Your task:
The whole listing, please: repeat it exactly, with the pictures left out.

Exercise data:
-.-.-
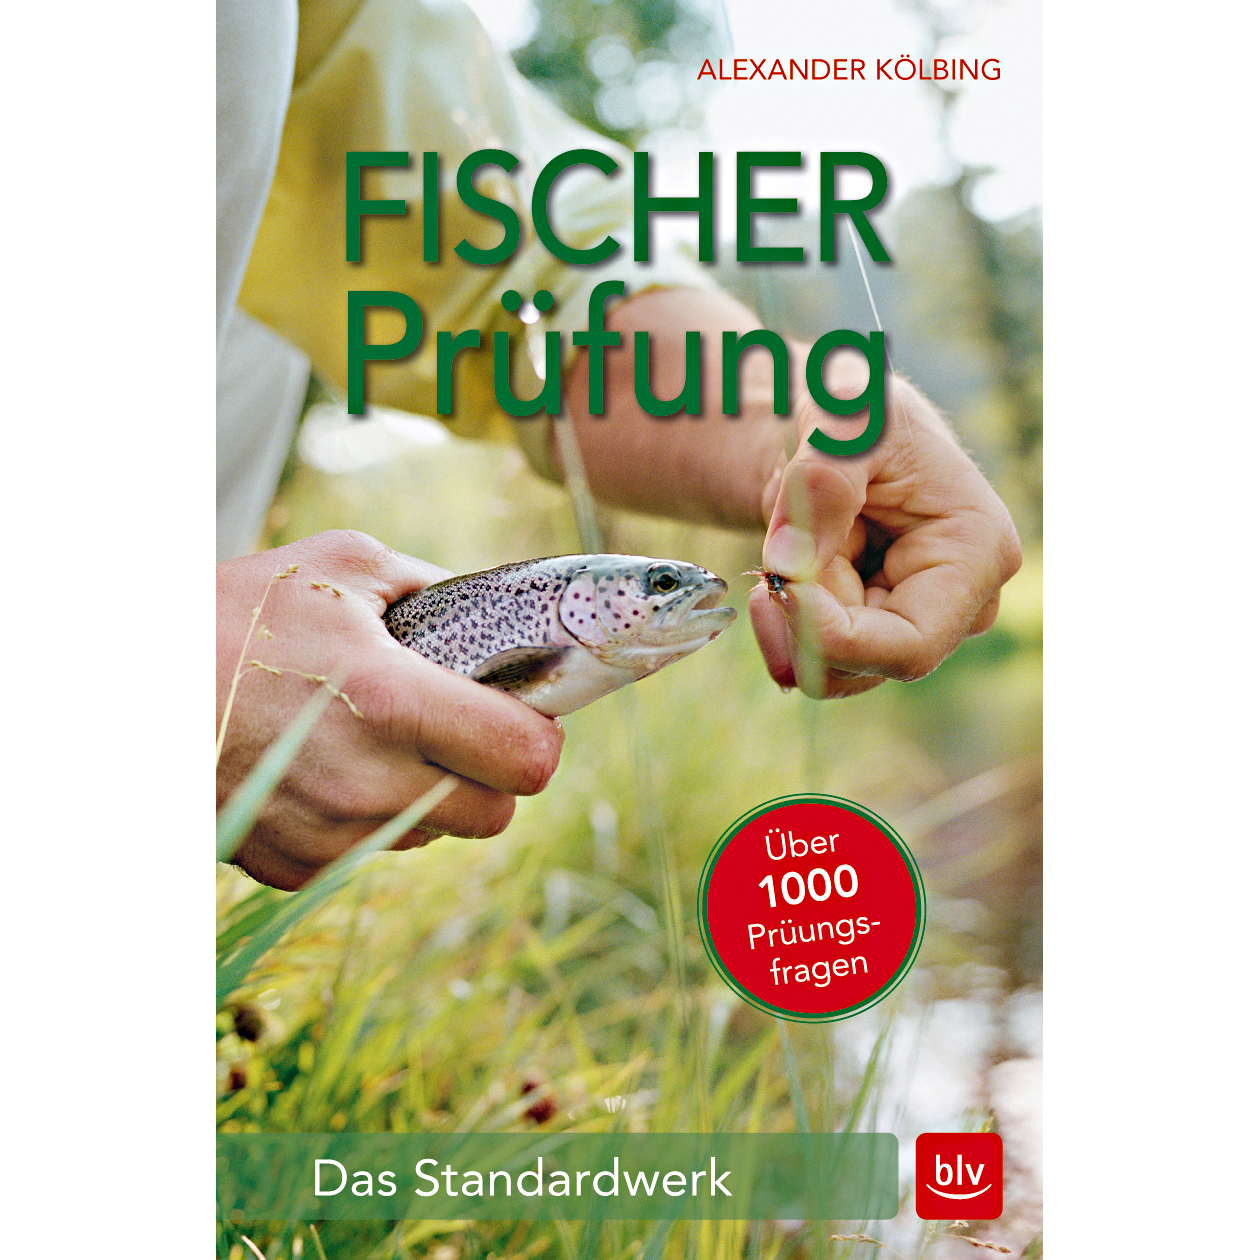 "Fischerprüfung" (fisher test) by Alexander Kölbing 
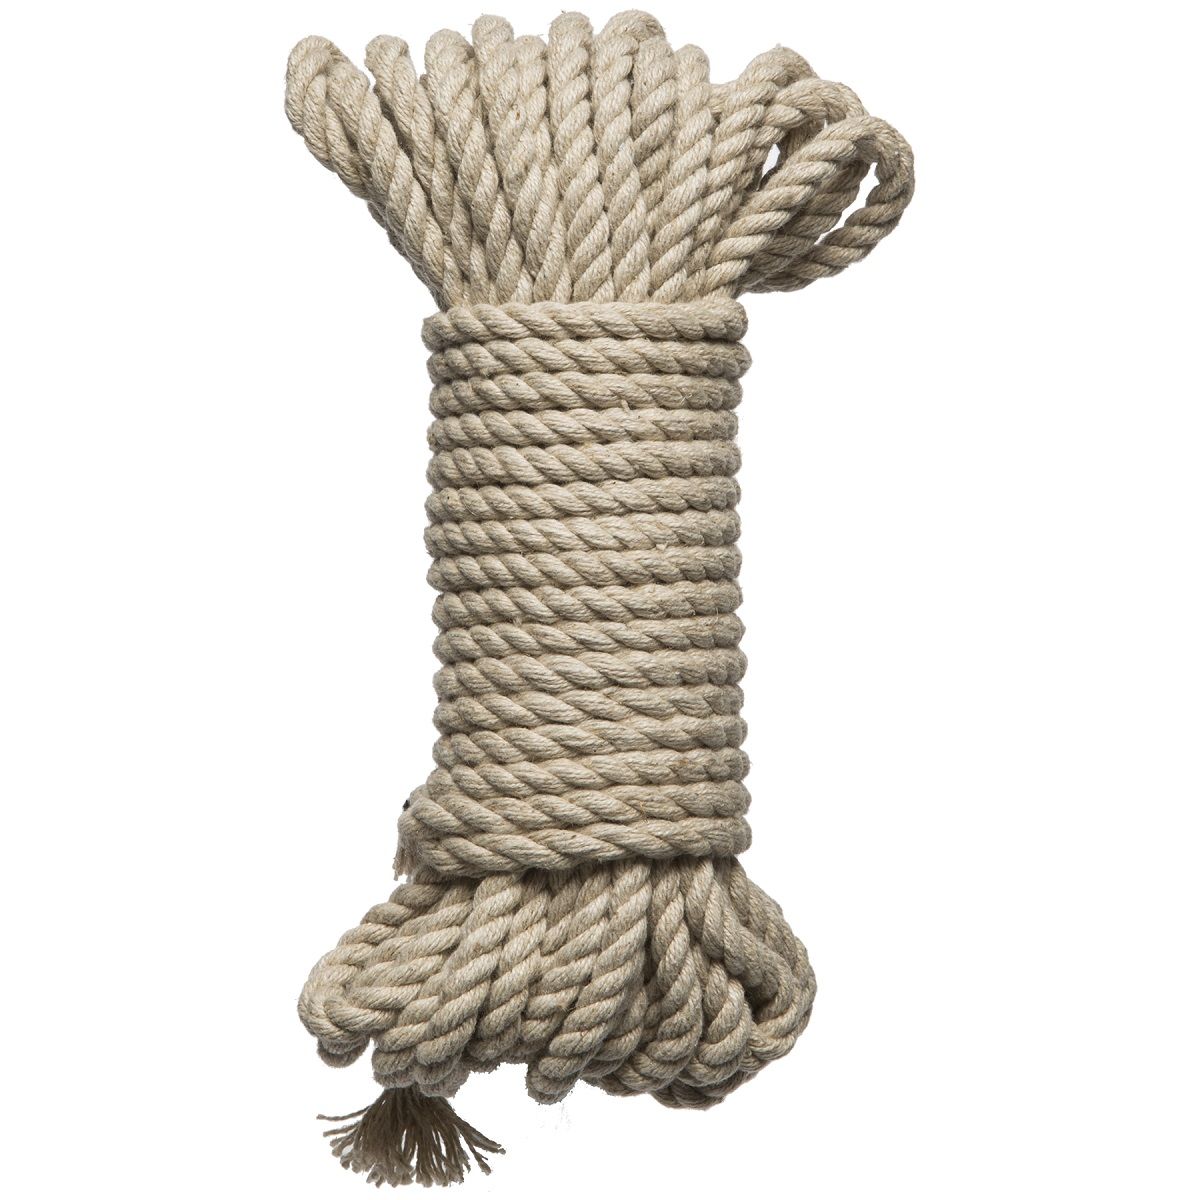 Бондажная пеньковая верёвка Kink Bind   Tie Hemp Bondage Rope 30 Ft - 9,1 м.
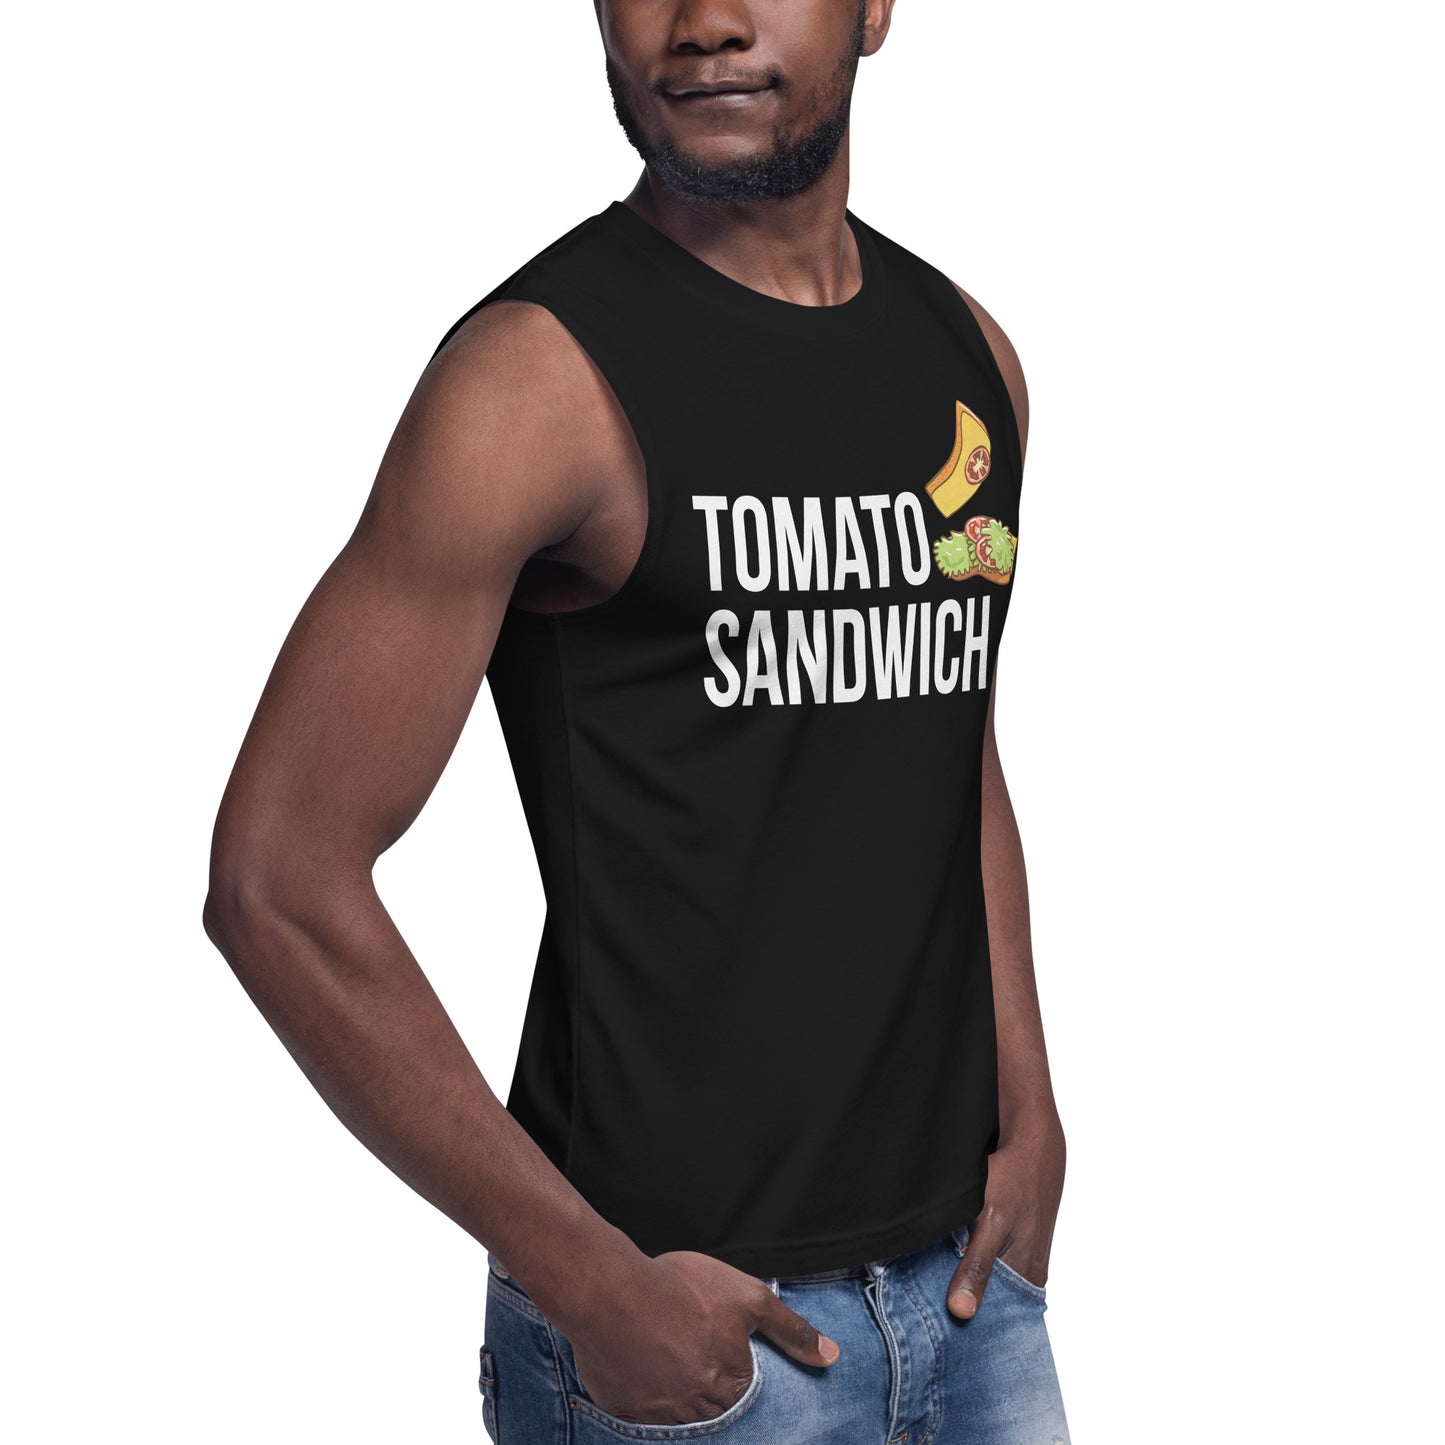 Tomato Sandwich / Unisex Muscle Shirt
-.-.-
Exercise result:
 "Fischerprüfung" (fisher test) by Alexander Kölbing 
 Бондажная пеньковая верёвка Kink Bind   Tie Hemp Bondage Rope 30 Ft - 9,1 м.
 Tomato Sandwich / Unisex Muscle Shirt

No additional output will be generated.